В самый последний момент, когда, казалось ей, уже всё закончено, в её лёгкие неожиданно снова ворвался воздух, обжигая всё внутри. Вероника хрипло закашлялась, попыталась перевернуться на бок, выдохнув одно лишь слово – «Мама!», но снова её истерзанное горло сдавили, и она уже ничего не помнила. Оставалось только желание покончить с этим кошмаром, здесь и сейчас. Пусть он перестанет терзать её, господи, зачем это всё…


* * *


«К Элизе. Бетховен».

Мысль медленно вращалась в пустоте, превращаясь в звук, в мелодию.

«К Элизе. К маме». Она вдруг поняла связь – эта мелодия была установлена в её телефоне на номер мамы. Было темно. А, нужно открыть глаза. Да, тот же сумрак зарождающихся белых ночей.

Вероника с трудом перевернулась на бок, и её тут же стошнило. Откашлявшись, она нашарила под собой свою маленькую сумочку и достала телефон.

– Алло, Ника? Ника, ты дома? Я тебя не слышу! Что-то со связью, я никак не могу дозвониться! Ника, если ты слышишь: мне пришлось остаться за Валю, у неё муж вечером ногу сломал, она попросила подменить её на несколько часов, пока в больницу его свозит. Меня на рабочем автобусе потом отвезут домой, ты не переживай, ложись спать… Отправлю эсэмэску ещё!

Она попыталась что-то сказать, но боль в горле была невыносимой. Прервав соединение, она написала в ответ текстом первое, что пришло в голову: «Услышала. Спокойной ночи».

Люди ноги ломают. Надо же, счастливые…


Лето она провела у родственников под Иркутском, у Байкала.

Официальной версией цветового месива на её лице и шее был несчастный случай в парке: на неё, дескать, налетел дикий лось, которые и раньше встречались в этих местах, но – слава богу! – всё обошлось.
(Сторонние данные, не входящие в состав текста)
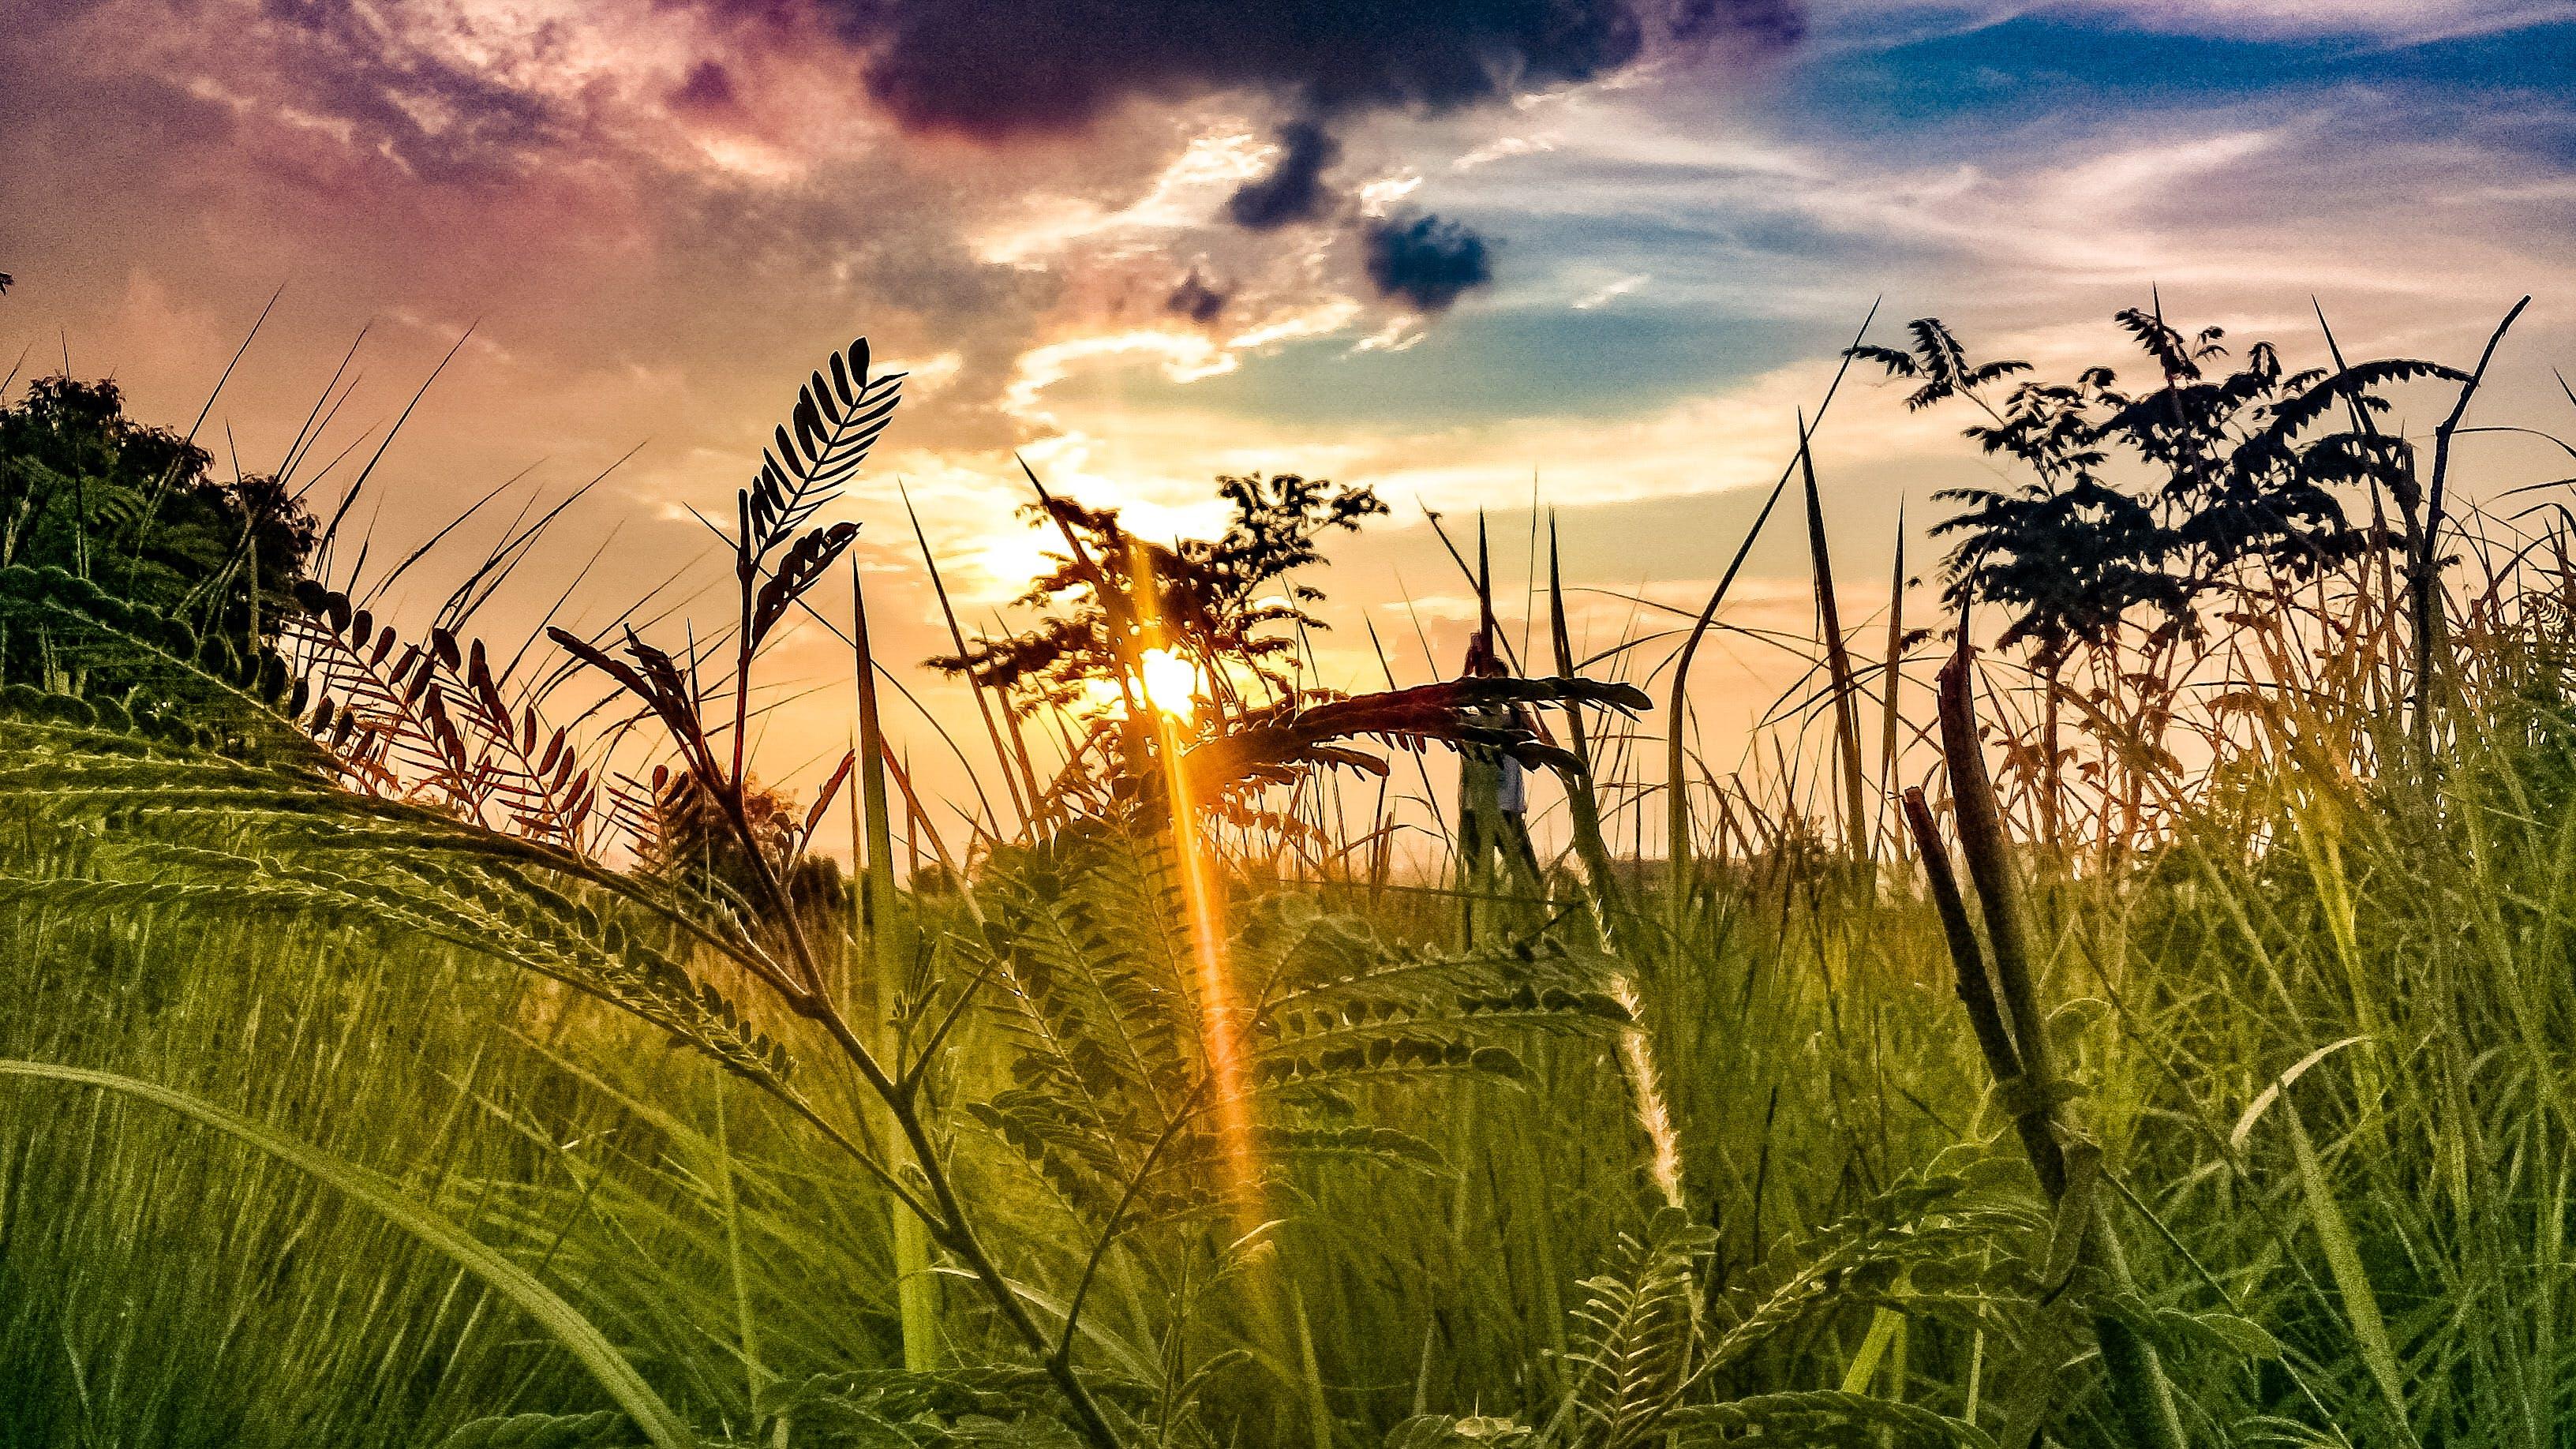 Free stock photo of nature, sunset, lifestyle, beauty

Прочие свои травмы Вероника ни с кем не обсуждала, даже с мамой, которая охала и ахала, глядя на дочь; поделилась только с гинекологом, да и то без эмоций, которые оставила психологу. Не детскому.
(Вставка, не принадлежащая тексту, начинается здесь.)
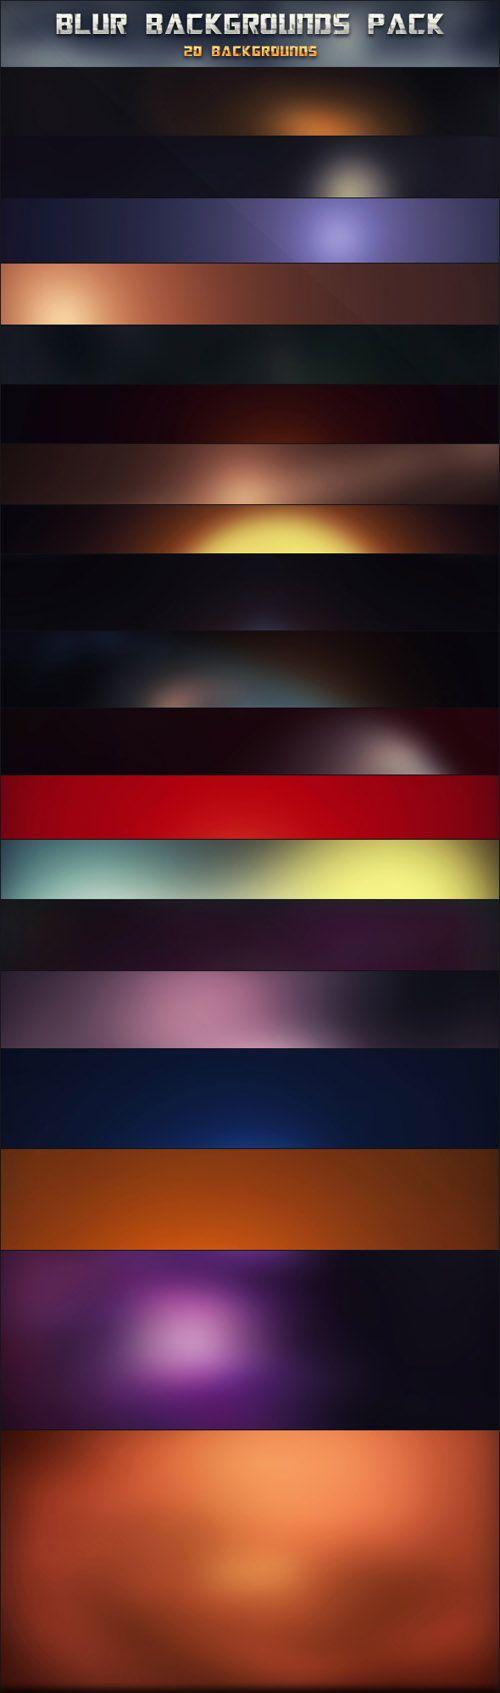 20 HD Blur Backgrounds Set 20 JPG | 2600x1600 PIX | 5 MB

Порой её начинало буквально трясти от неконтролируемых наплывов воспоминаний: этот хриплый прокуренный голос, интонация с каким-то истерическим надрывом в тех редких фразах, что он на неё выдохнул вместе со смрадом курева и перегара; быстрые уверенные действия, жилистость и неимоверная жестокость… Он был гораздо старше. Намного сильнее. Действовал наверняка.

Она у него такая уже не первая. И даже, видимо, не вторая. И она не должна была снова задышать, судя по всему.

Встречаться с психологом Зоей Михайловной, к которой она записалась через интернет в Иркутске, стало если не удовольствием, то определенно полезным времяпрепровождением, несшим успокоение. Как-то Вероника поинтересовалась у неё:

– А правда, что под гипнозом человек может вспомнить то, чего он вроде бы и не видел? Ведь известно же, что наш мозг запоминает всё попавшее в поле видимости его бокового зрения, на бессознательном уровне?

– В некоторых случаях – да. Тебя что-то конкретное беспокоит?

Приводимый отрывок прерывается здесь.